Sexual selection—competition for mates and mate choice—can drive reproductive isolation between populations when mating preferences diverge. Rapid evolution of courtship traits, ornaments, or mating signals can create reproductive barriers without geographic isolation. This is a major mechanism for sympatric speciation, especially in groups like birds and insects.
You already understand that natural selection shapes traits affecting survival, that speciation requires reproductive isolation between populations, and that reproductive barriers can be prezygotic (preventing mating) or postzygotic (reducing hybrid fitness). Sexual selection as a speciation driver connects these ideas by showing how mate choice and mating competition can create reproductive barriers rapidly — sometimes without any geographic separation at all.

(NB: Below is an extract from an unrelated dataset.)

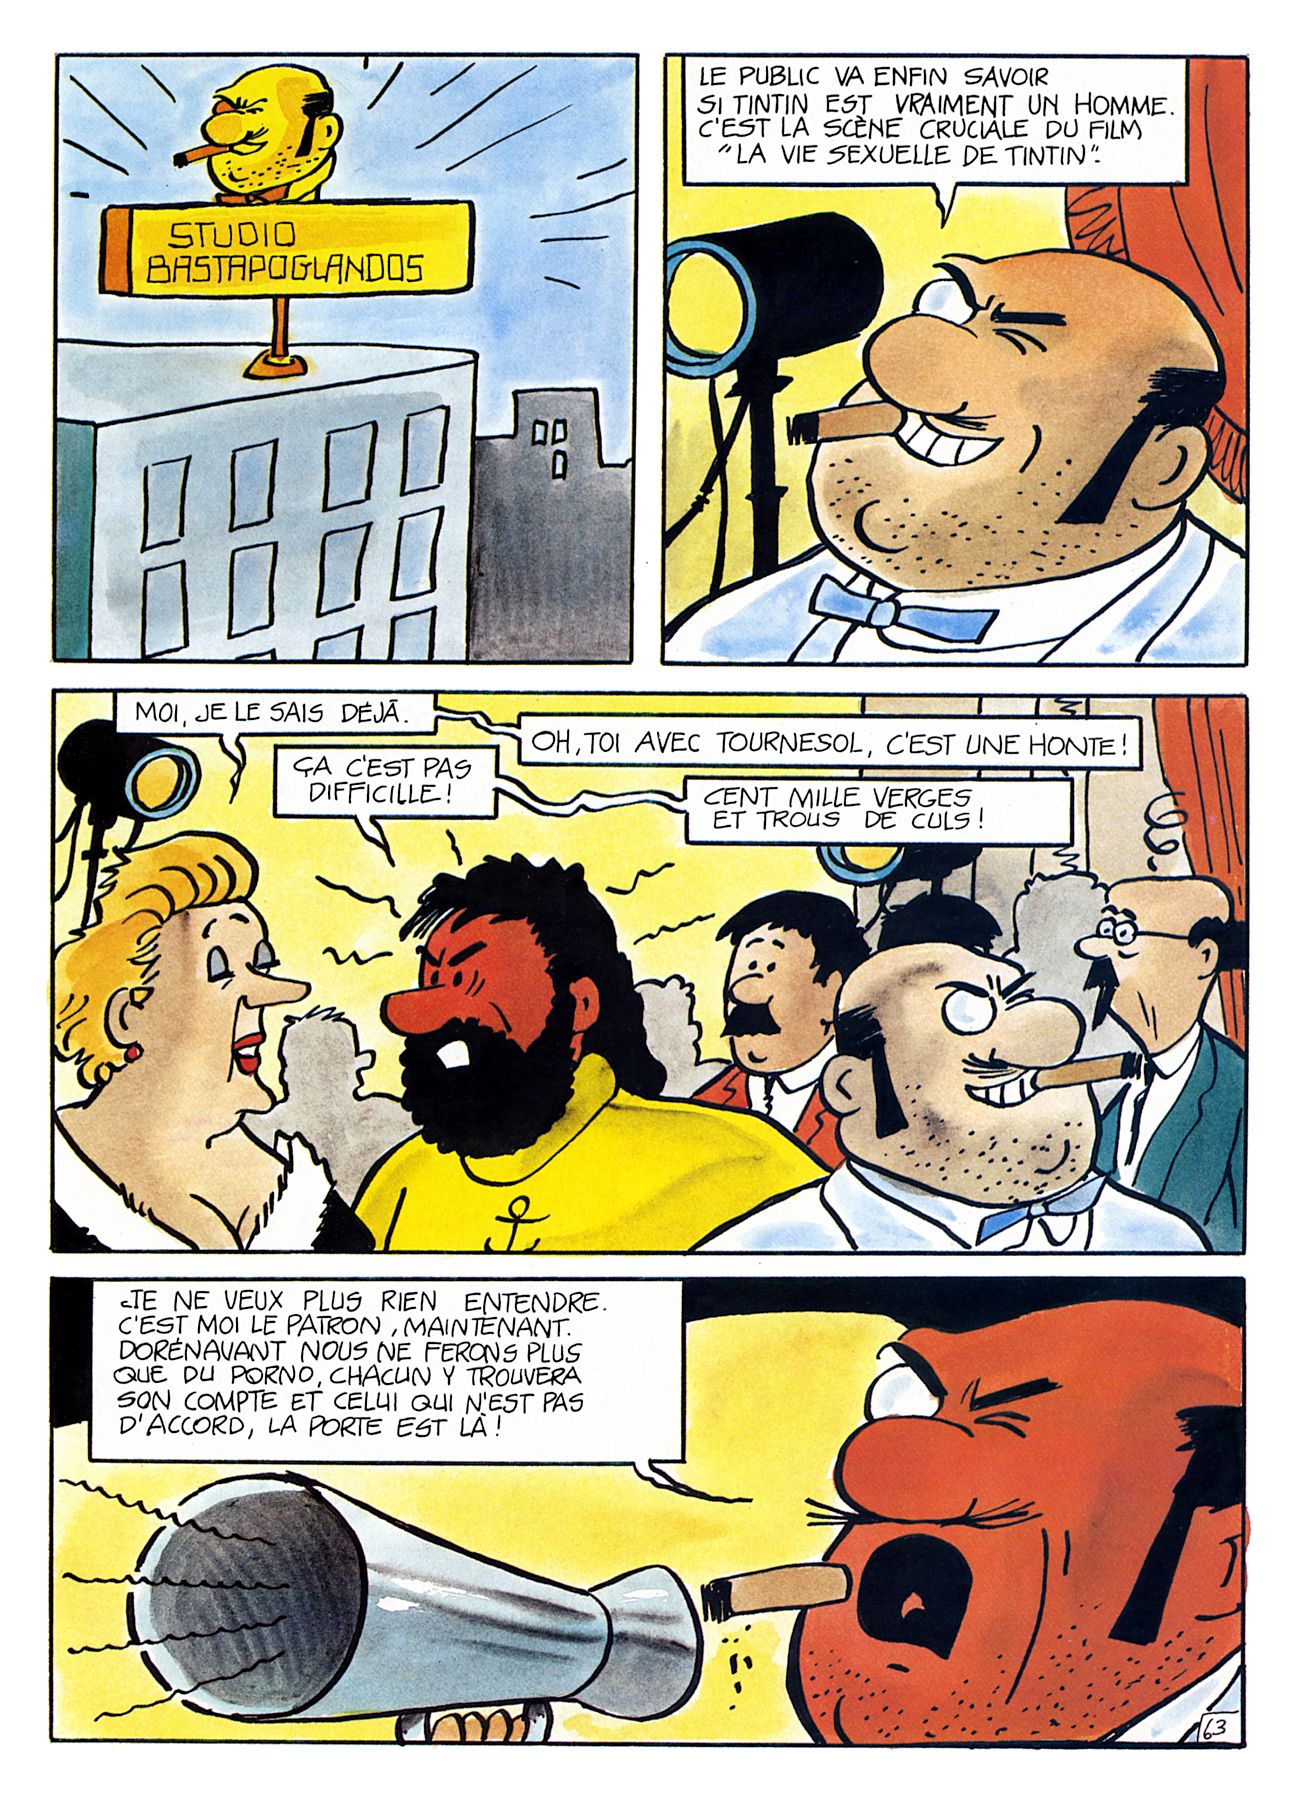 La-Vie-Sexuelle-De-Tintin-1992-All-64-pages-French-page63--Gotofap.tk--96988732.jpg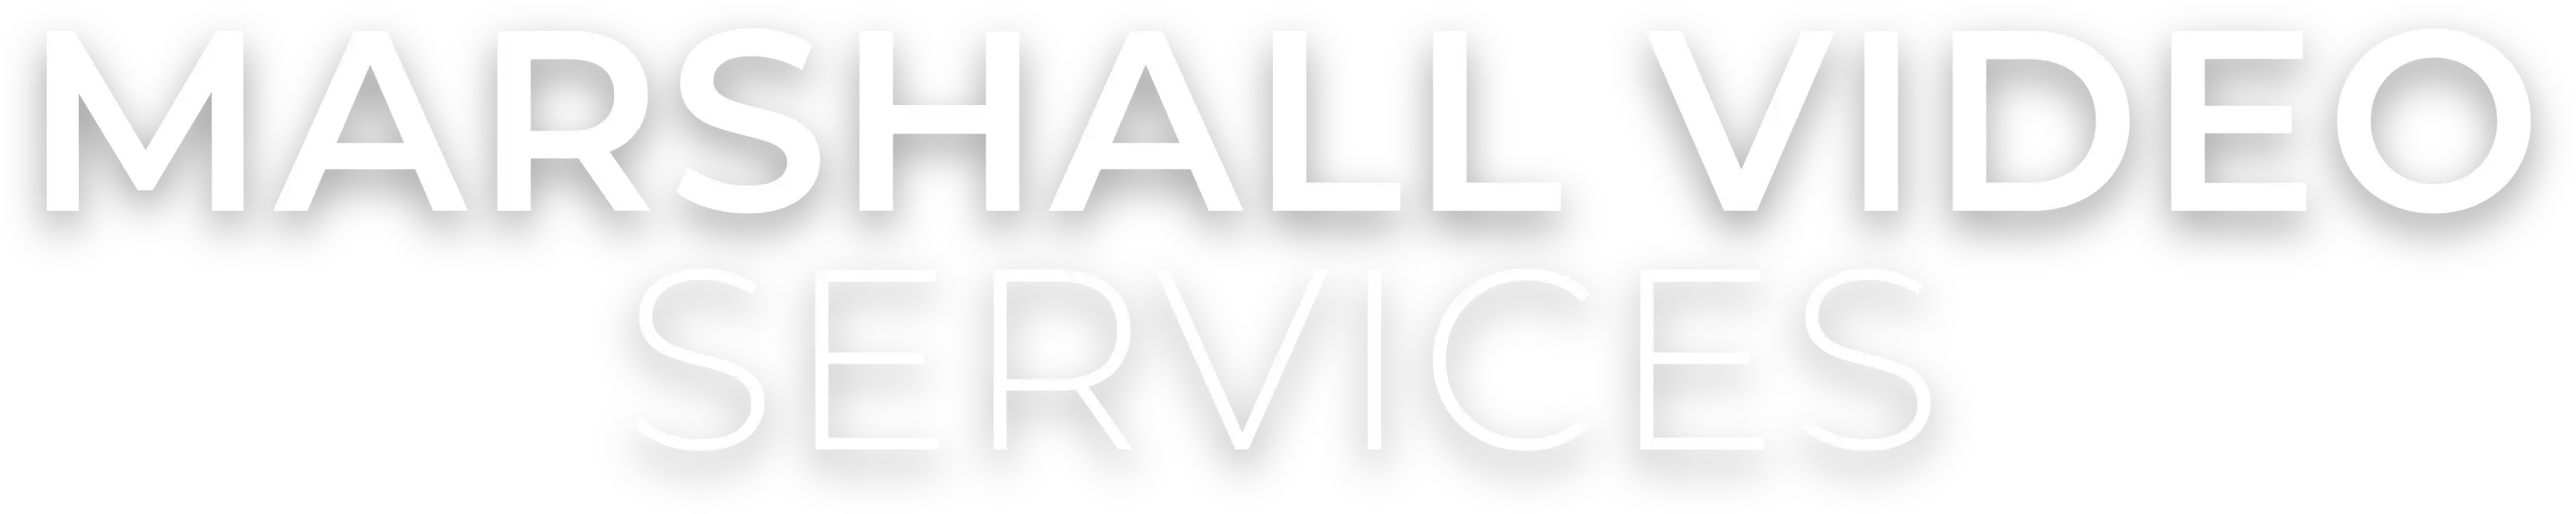 Marshall Video Services Logo

The mechanism works like this. Within a population, females (or the choosier sex) develop preferences for particular male traits — a specific song pattern, plumage color, or courtship dance. Males with those traits mate more often and pass on both the trait and, through genetic correlation, the preference itself. Now imagine two subpopulations where female preferences diverge, perhaps due to drift, different sensory environments, or slight ecological differences. In one group, females prefer red coloration; in the other, blue. Males in each group evolve to match their local preference. Over generations, red males and red-preferring females form one mating pool, while blue males and blue-preferring females form another. Even if these groups live in the same lake or forest, they are no longer interbreeding — prezygotic isolation has emerged from divergent mate choice alone.
This process can be remarkably fast compared to other speciation mechanisms. Geographic isolation and gradual ecological divergence may take hundreds of thousands of years to produce reproductive barriers. But sexual selection operates on traits that directly control who mates with whom, so it can build isolation in a fraction of that time. The African cichlid fishes of the Great Lakes are a dramatic example: hundreds of species have evolved in a few million years, many differing primarily in male coloration and female color preference. When researchers manipulated lighting conditions to make color differences invisible, females mated indiscriminately across species — confirming that the "barrier" was entirely a matter of visual mate choice.
The power of sexual selection as a speciation engine also explains a striking pattern in nature: species-rich groups tend to be the ones with elaborate mating signals. Birds of paradise, Hawaiian Drosophila, and Lake Victoria cichlids all show explosive diversification paired with elaborate courtship displays or ornaments. In contrast, lineages with simpler mating systems tend to diversify more slowly. This correlation supports the theoretical prediction that sexual selection accelerates the rate at which populations become reproductively isolated, making it one of the most important — and underappreciated — drivers of biodiversity.